Figure 3 with 3 supplements
The axonal-like protrusions contribute to the migratory ability of SCLC cells in culture.

(A) Quantification of the number of cells with protrusions when mGFP-labeled N2N1G mSCLC cells were allowed to grow into a cell-free scratch generated in monolayer cultures under Matrigel. N = 3 independent experiments (shControl, N = 3 per experiment, total N = 9 plotted together). An unpaired t-test was used for statistical analysis and p-values are shown. Only significant p-values are shown. The dotted line represents a 60% reduction compared to the mean value of the controls. (B) Representative images of the data quantified in (A) and (C) with knock-down of Gap43. Scale bars, 100 μm. (C) Quantification of the migration of cells with protrusions when mGFP-labeled N2N1G mSCLC cells were allowed to grow into a cell-free scratch generated in monolayer cultures under Matrigel. N = 3 independent experiments. An unpaired t-test was used for statistical analysis and p-values are shown. Only significant p-values are shown. The dotted line represents a 60% reduction compared to the mean value of the controls. (D) Correlation of the data in (A) and (C) using the mean value for each knock-down. Pearson correlation R2 value is shown. (E and H) Immunoblot analysis of GAP43 or FEZ1 levels, respectively, in control and knock-down 16T mSCLC cells. HSP90 is a loading control. (F and I) Quantification of the number of cells with protrusions as in (A) with 16T mSCLC cells and Gap43 or Fez1 knock-down, respectively (N = 3). An unpaired t-test was used for statistical analysis and p-values are shown. (G and J) Quantification of the migration of cells with protrusions as in (B) with 16T mSCLC cells and Gap43 or Fez1 knock-down, respectively (N = 3). An unpaired t-test was used for statistical analysis and p-values are shown.

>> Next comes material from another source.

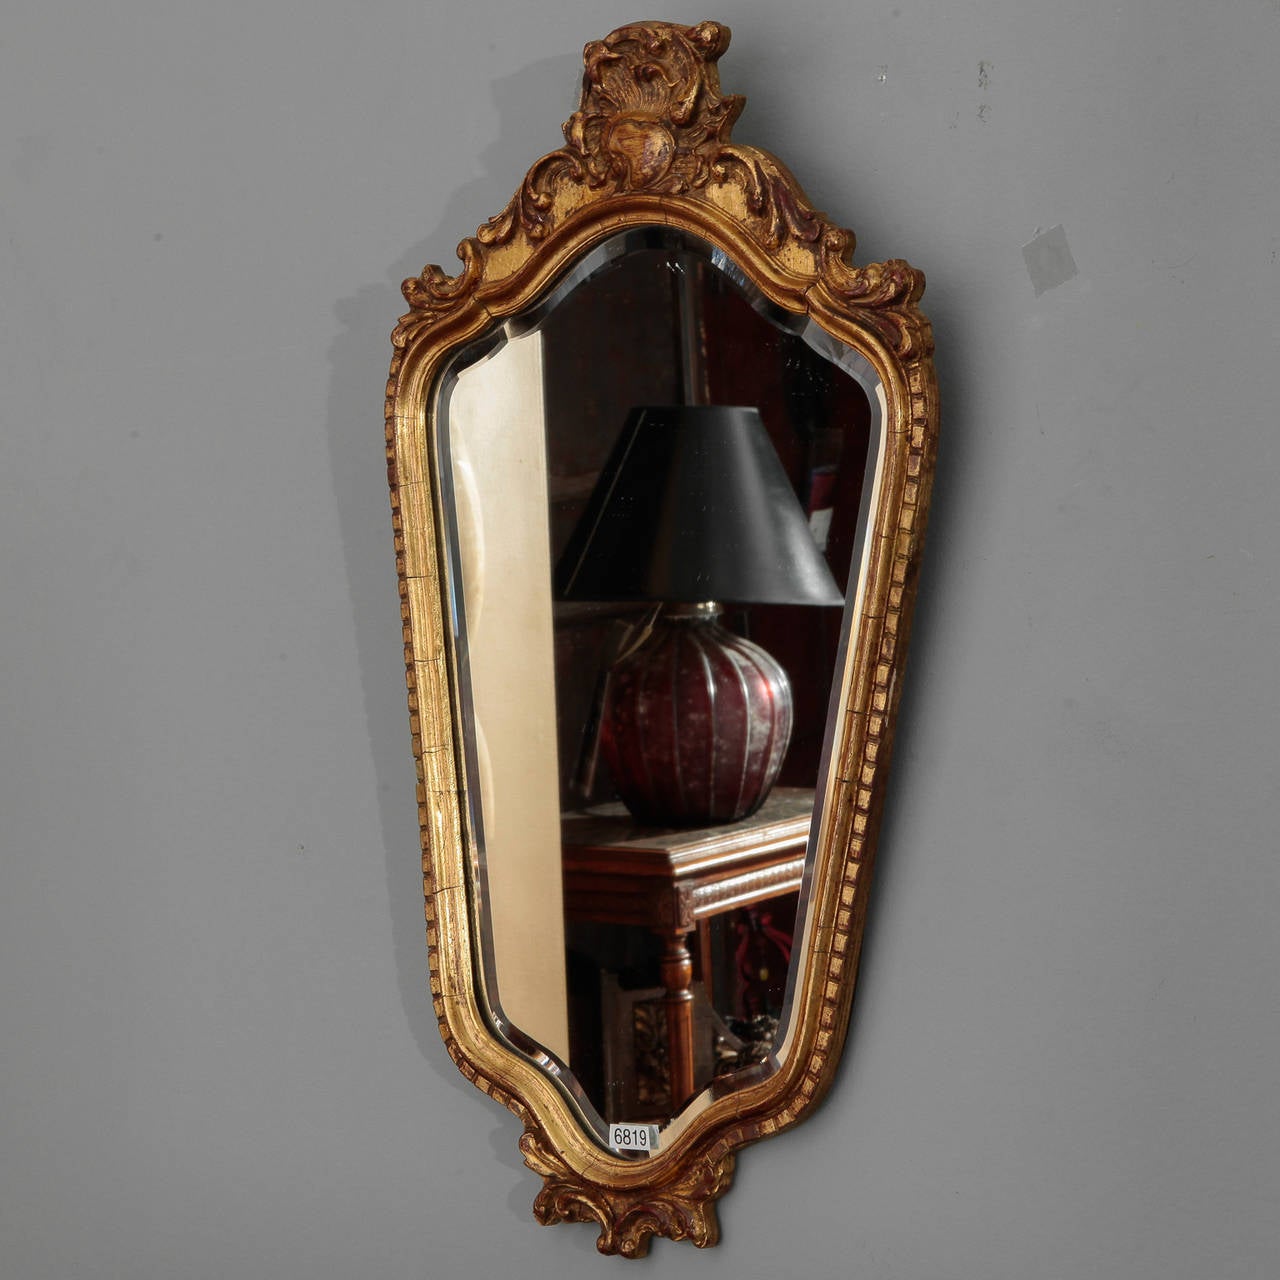 French shield shaped beveled edge mirror with wood and gesso frame in dark gilt finish and foliate crown, circa 1930s.  Actual Mirror Size:  18.25” h x 11.75” w

Figure 3—figure supplement 1
The expression of the 13 genes selected for their possible role in the formation of protrusions is in part regulated by NFIB.

(A) mRNA levels of candidate genes in human primary SCLC tumors (RNA-seq from George et al., 2015). (B) Network representation of the 13 candidates. Edges in the STRING analysis represent protein-protein associations but do not necessarily mean that they physically bind to each other. Blue edges represent known interactions from curated databases. Pink edges represent known experimentally-validated interactions. Others are predicted interactions, including text mining and co-expression (see string-db.org). (C) Spearman correlation of the 13 genes with key genetic drivers of SCLC phenotypes. The numbers for these analyses are from George et al. (2015), and Yang et al. (2018) (see also Supplementary file 2–tables 2-3). Note the higher correlation overall with NFIB expression. MAP1B was not identified in the mouse RNA data. (D) Gene expression analysis of three key genetic drivers of SCLC phenotypes in five human SCLC cell lines, along with the protrusions phenotype (see Figure 1—figure supplement 1 and data not shown). YAP1 and POU2F3 are not detected in these cells lines (data from CCLE RNA-seq analyses, https://www.ebi.ac.uk/gxa/experiments/E-MTAB-2770/Results). Note that the growth of protrusions does not correlate with ASCL1 or NEUROD1 expression. (E) Gene expression analysis (log two fold-change) of the 13 genes following NFIB knock-down in NFIB-high 16 T cells (which grow protrusions) and NFIB over-expression in NFIB-low KP22 cells (which don’t grow protrusions). RNA-seq data and immunoblot validation of the immunoblots for NFIB are from Denny et al. (2016). (F) Representative bright field image and quantification of the number of protrusions when 16T mSCLC cells were allowed to grow into a cell-free scratch generated in monolayer cultures under Matrigel with control shRNA or NFIB knock-own (N = 3). Scale bars, 100 μm. *p<0.05, **p<0.01, p<0.005, student t-test. (G) Representative bright field image of KP22 mSCLC cells with ectopic expression of GFP (control) of NFIB. Note the absence of protrusions (as quantified in Figure 1B) (N = 1 with three technical replicates). For (F) and (G), the immunoblot analysis of NFIB knock-down and ectopic expression in 16T and KP22 cells can be found in Denny et al. (2016).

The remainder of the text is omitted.